HALT – kiedy dusza mówi: zatrzymaj się, zanim się zatracisz.


Była sobie raz kobieta. Pracowała w korpo, dając z siebie 200%. W jej rodzinie pojawiły się problemy. Dużo przeszła, a kiedy w końcu pozbierała swoje życie osobiste do kupy, rozsypała się sama.

Była sobie raz niepijąca alkoholiczka. Postanowiła dawać z siebie 200% i stać się idealną. Rozwiązać naraz wszystkie swoje problemy. I kiedy prawie jej się udało – rozsypała się sama.

Historia moja i kobiety, której nie znam, a którą usłyszałam w podcaście, jest jak odbitka na ksero.

HALT

Niemieckie słowo użyte przez Anonimowych Alkoholików w Ameryce jako sposób na zapicia i powrót do nałogu. Składa się z czterech słów – metody dbania o siebie, która tak naprawdę powinna być uczona w szkole wszystkich ludzi:

H – hungry – głodny
A – angry – zły
L – lonely – samotny
T – tired – zmęczony

Zrozumiałam dopiero po czasie, że bez tych słów zdrowie psychiczne i fizyczne nie istnieje. Trzeba je sobie tylko uświadomić.

Kiedy byłam głodna – stawałam się katem. Miałam w sobie dużo gniewu, wściekłości i nieuzasadnionych pretensji do całego świata. Nie odżywione ciało buntowało się, a więc byłam zmęczona i senna. Albo na odwrót – zaczynałam biec, jakby mnie coś
goniło. Niestety przewaznie biegłam wszędzie, ale nie do lodówki. Najczęściej biegłam po alkohol. Kiedy trzeźwiałam, zaczęłam biegać w innych kierunkach, lecz niestety nadal obsesyjnie. Natychmiast muszę posadzić pomidory, umyć podłogę, pomalować paznokcie, odpisać na list. Byłam też głodna uczuć innych ludzi. Chciałam
być kochana, potrzebna i zauważona. Jednak zadna z tych emocji i czynnosci nie była w stanie dac mi satysfakcji na długo.

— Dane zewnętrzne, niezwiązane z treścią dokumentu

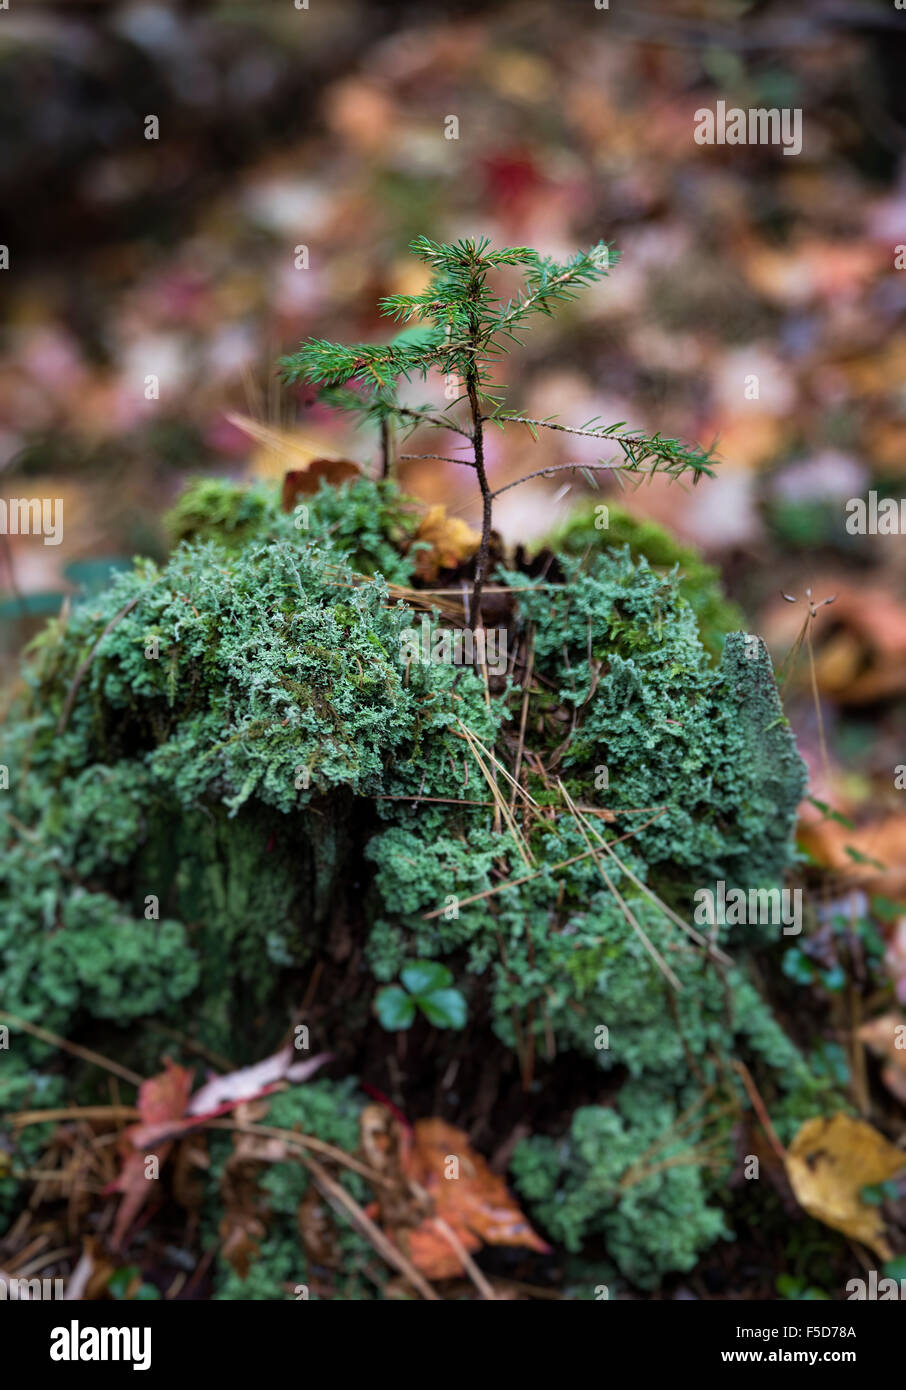 Frágil plántulas de coníferas que crecen en el tronco de un árbol podrido, New Hampshire, EE.UU. Foto de stock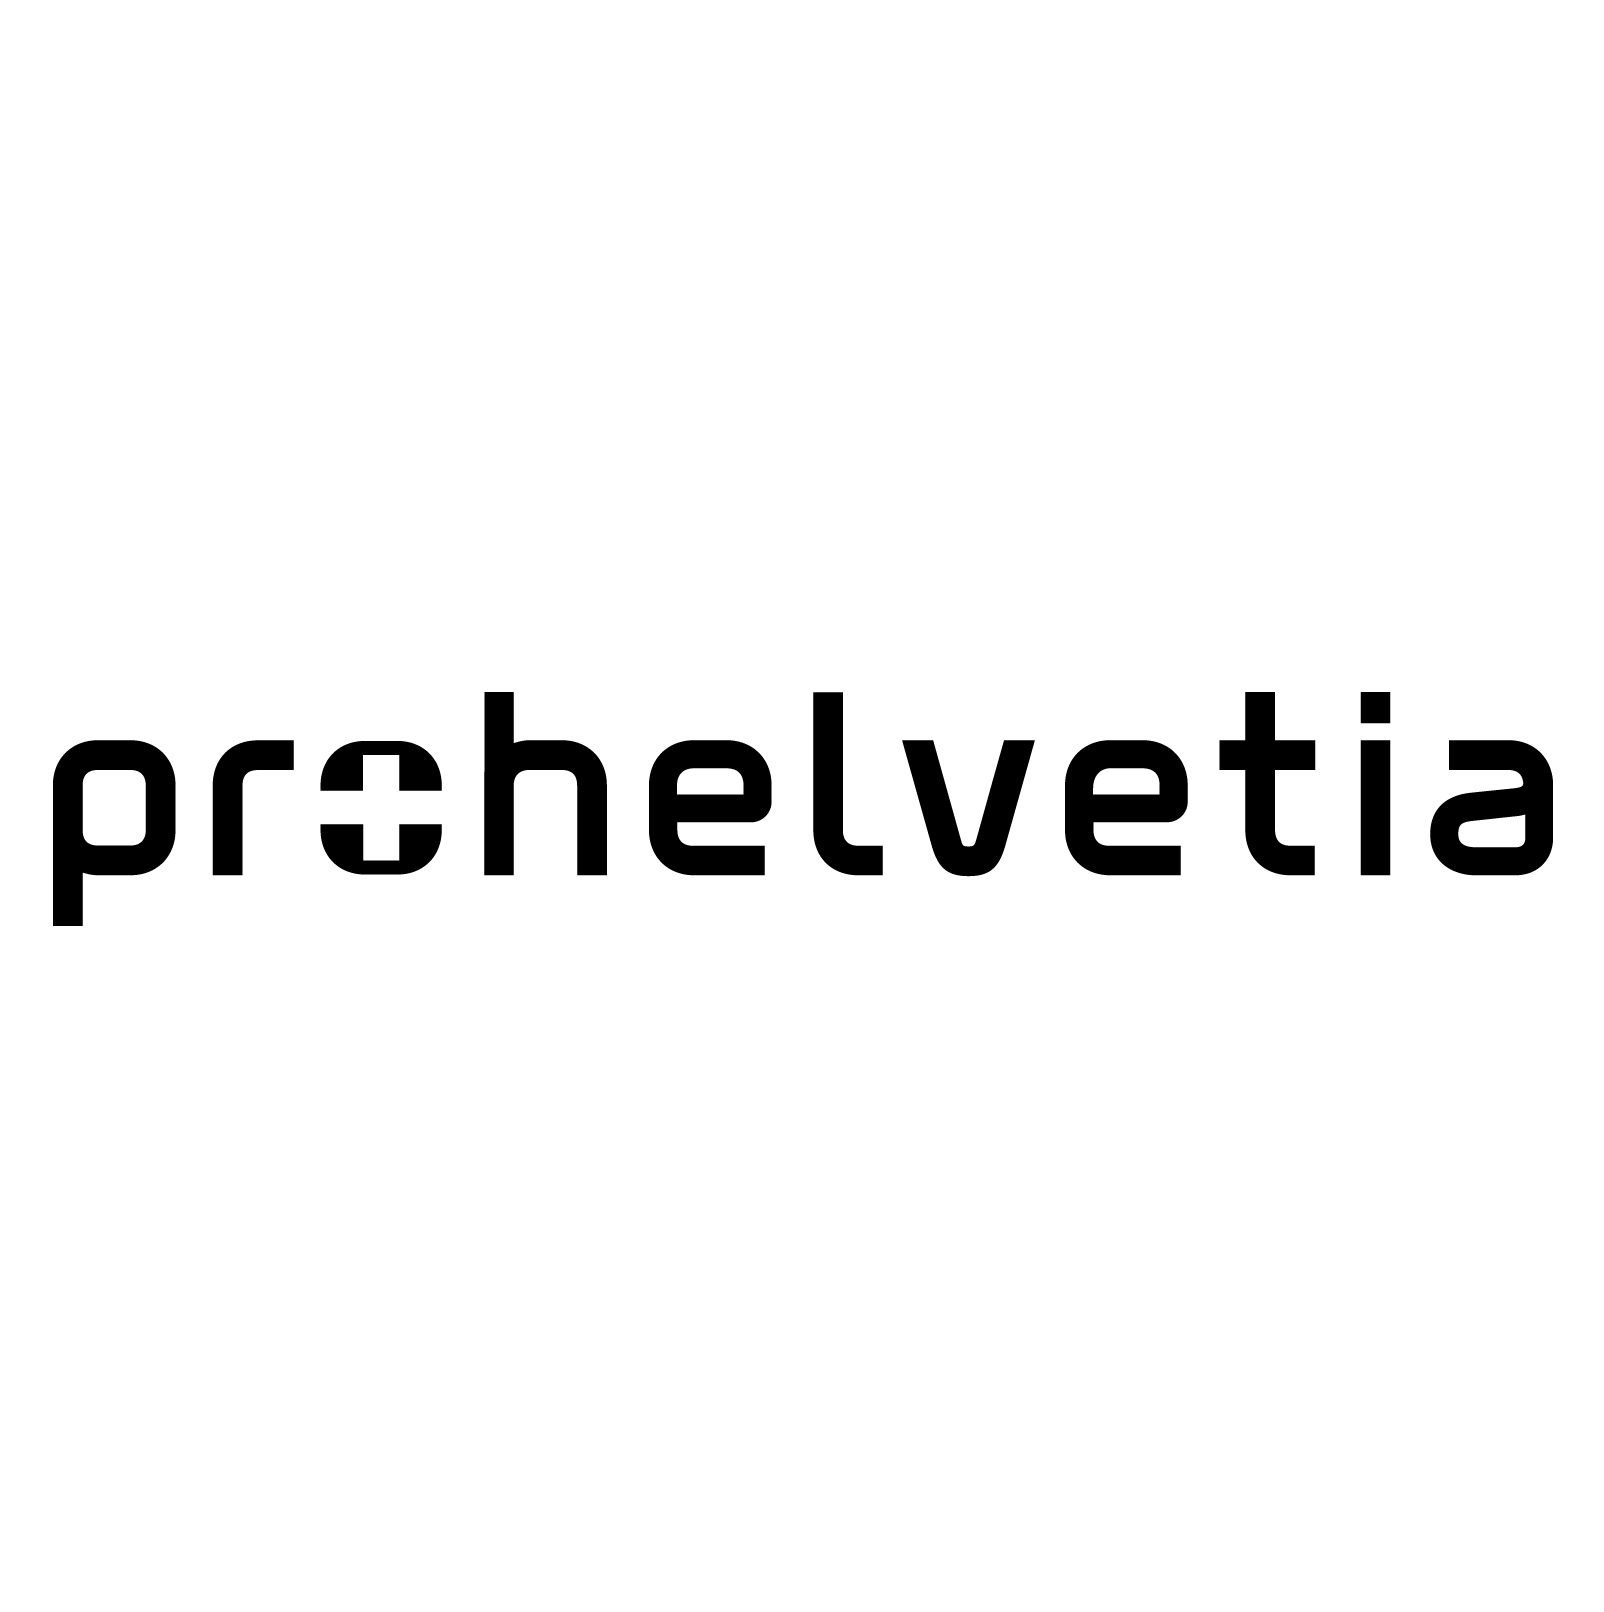 Pro Helvetia

Zlosc tłumiona latami, zamieniona w pracę. To moje: ja wam pokażę! Ona zawsze
najszybciej kładła mnie na łopatki, gdyż z natury jestem impulsywna. A kończyło się to jak zwykle – miałam takie nerwy, że musiałam się napić.

A może było na odwrót? Chciałam się napić, więc szukałam problemu, który mógłby mi dac wymówkę do sięgnięcia po alkohol.

Złość nakręca wiele innych emocji. Daje pożywkę bólowi, aby mógł wybuchnąć,wylać się w najgorszy możliwy sposób. Wyłącza mozg. Kiedy byłam zła, nie potrafłam myśleć racjonalnie i przez ten hałas wewnętrzny spowodowany gniewem nie słyszałam już nic innego.

Kiedy czułam się samotna, byłam bardzo nieszczęśliwa. Nie potrafiłam spojrzeć na świat z miłością. Wgrywałam sobie program ofiary i siedziałam, pieszcząc swoje nieszczęście i topiąc smutki w alkoholu. Poczucie braku powodowało natrętne myśli, że to wszystko nie ma sensu. Że nie ma znaczenia, czy jestem trzeźwa, czy pijana, bo w obu przypadkach czuję się tak samo niewystarczająca. Wszystko byłoby inaczej, gdyby ktoś był obok. Kiedy czułam się samotna, zapominałam, że szczescia trzeba szukać w srodku siebie, nie na zewnatrz.
Samotnosc powodowała u mnie poczucie braku. Łatwo było przegonić je towarzystwem flaszki, która przecież zawsze rozumie i nie ocenia.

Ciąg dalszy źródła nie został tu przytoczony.